Les magasins de textiles et de chaussures peuvent ouvrir cinq dimanches dans l'année, un droit soumis à autorisation du préfet et souvent utilisé pour le premier dimanche des soldes, avant la rentrée scolaire et les fêtes de fin d'année. Mais, bravant la législation, de nombreux commerces restent ouverts le dimanche sans être inquiétés.
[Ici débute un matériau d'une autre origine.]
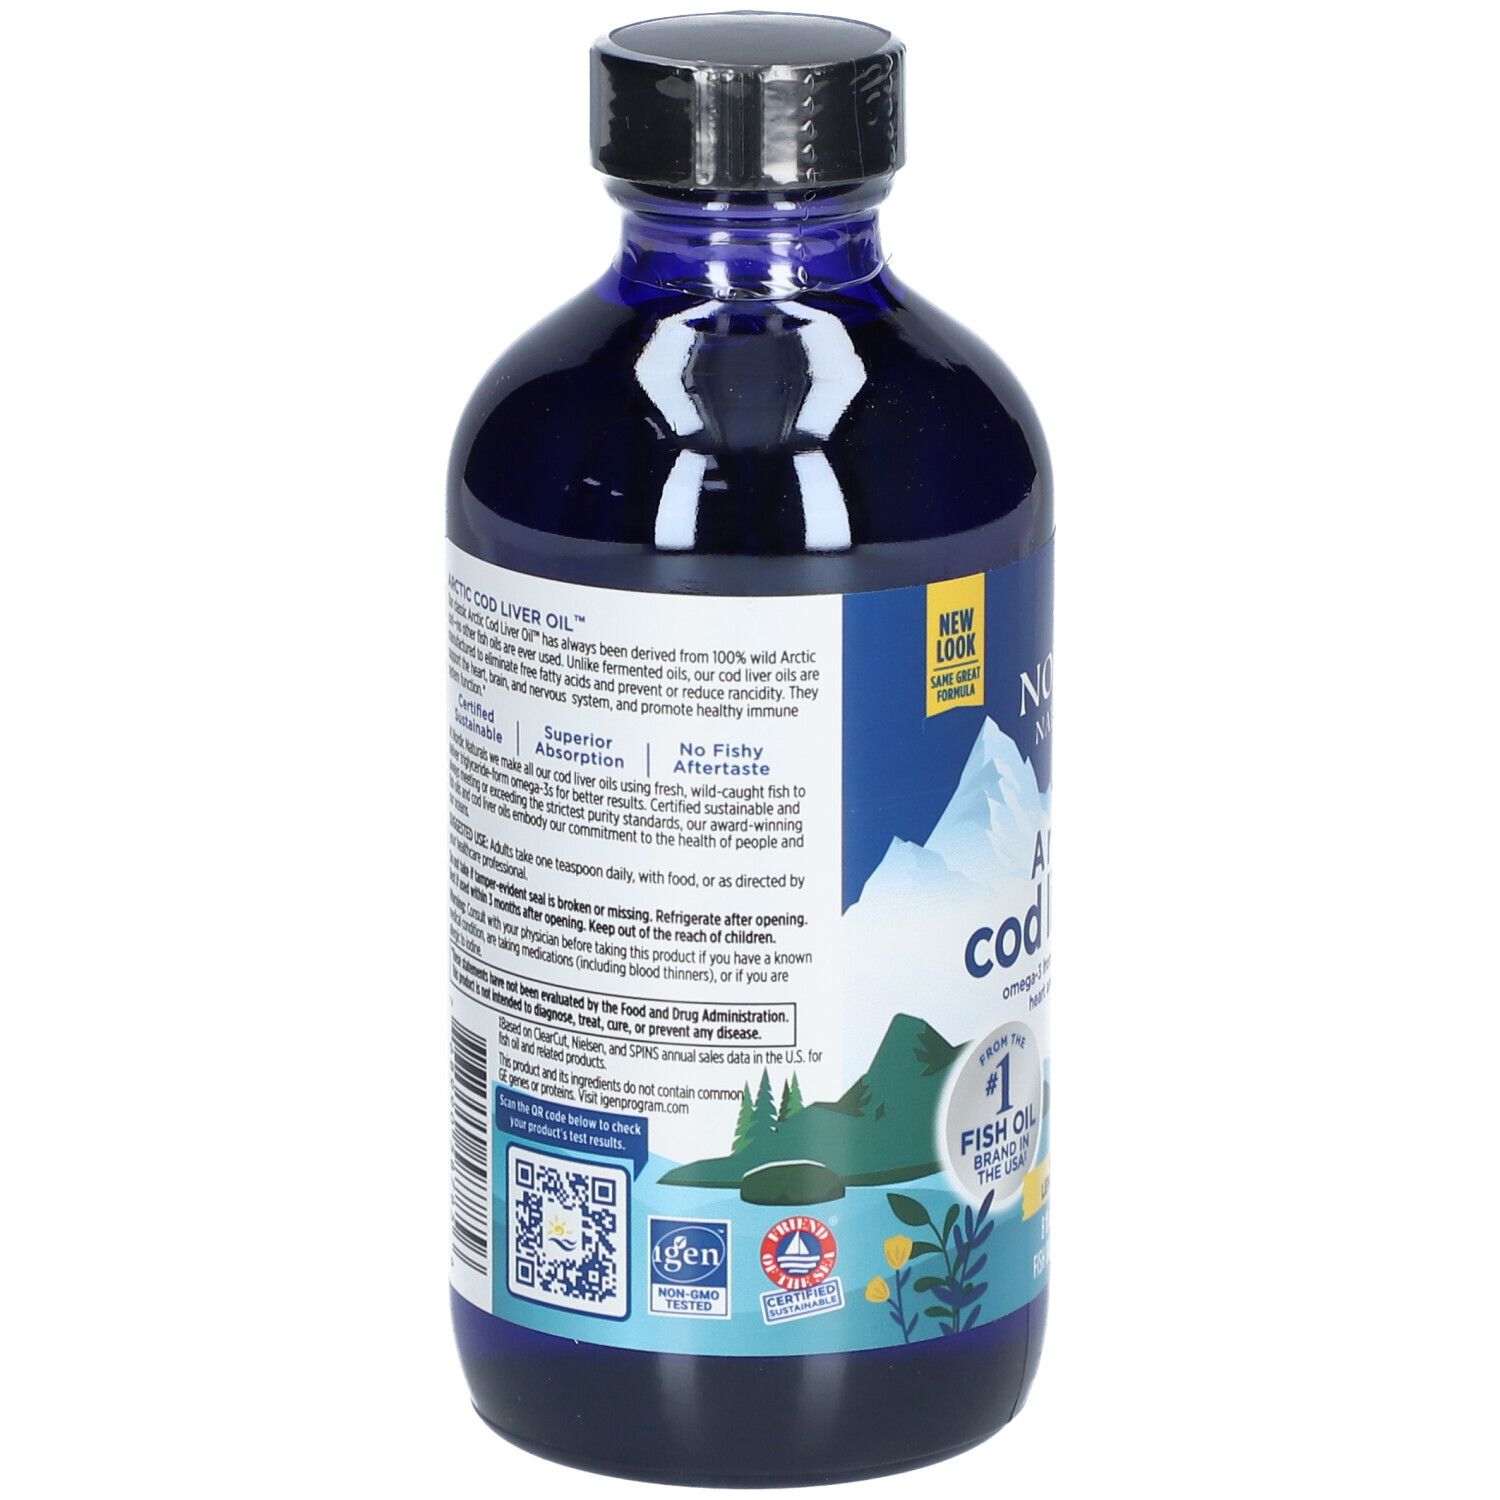 Nordic Naturals® Arctic Cod Liver Oil™ liquide

Les magasins d'Usines Center Villacoublay ont ainsi défié la loi pendant une vingtaine d'années et continuent de le faire malgré la décision de justice rendue en juin.
"Les clients sont très nombreux à venir nous soutenir. La fréquentation est en hausse de 20% depuis la décision de justice et le chiffre d'affaires le dimanche représente toujours entre 35% et 40% des ventes de la semaine", a précisé Jean-Patrick Grumberg, président de l'association des exploitants d'Usines Center Villacoublay.
Au côté d'Usines Center, des centres commerciaux, chaînes et grands magasins militent pour une plus grande liberté. Ils mettent en avant un sondage IPSOS selon lequel 73% des Franciliens seraient favorables à l'ouverture des magasins le dimanche.

En face, la FNH brandit un sondage national BVA indiquant que 76,6% des Français ne souhaiteraient pas travailler le dimanche et 70,3% d'entre eux n'iraient pas davantage dans les commerces s'ils ouvraient ce jour-là.
La FNH et les syndicats sont radicalement opposés au travail dominical, la première jugeant qu'elle crée une concurrence déloyale, les seconds craignant les destructions d'emplois. Des procédures engagées par la FNH sont encore en cours, dont l'une portant sur le second Usines Center (Val d'Oise).
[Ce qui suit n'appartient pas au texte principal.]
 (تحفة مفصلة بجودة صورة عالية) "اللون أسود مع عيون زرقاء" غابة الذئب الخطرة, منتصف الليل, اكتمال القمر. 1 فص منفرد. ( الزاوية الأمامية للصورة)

Pierre Lellouche, député UMP de Paris a déposé le 6 juillet une proposition de loi maintenant le principe de repos dominical, mais prévoyant la possibilité de déroger à cette règle. Mais "en aucun cas, le salarié ne pourra y être contraint", d'après le texte. Toutefois, cette proposition ne garantit pas un supplément de rémunération pour le travail le dimanche. En revanche, le texte plafonne tout supplément à 100% de la rémunération.

En attendant l'examen de cette proposition par le Parlement, 120 commerçants d'Usines Center ont déposé des demandes de dérogations auprès du préfet des Yvelines et espèrent une décision avant fin juillet.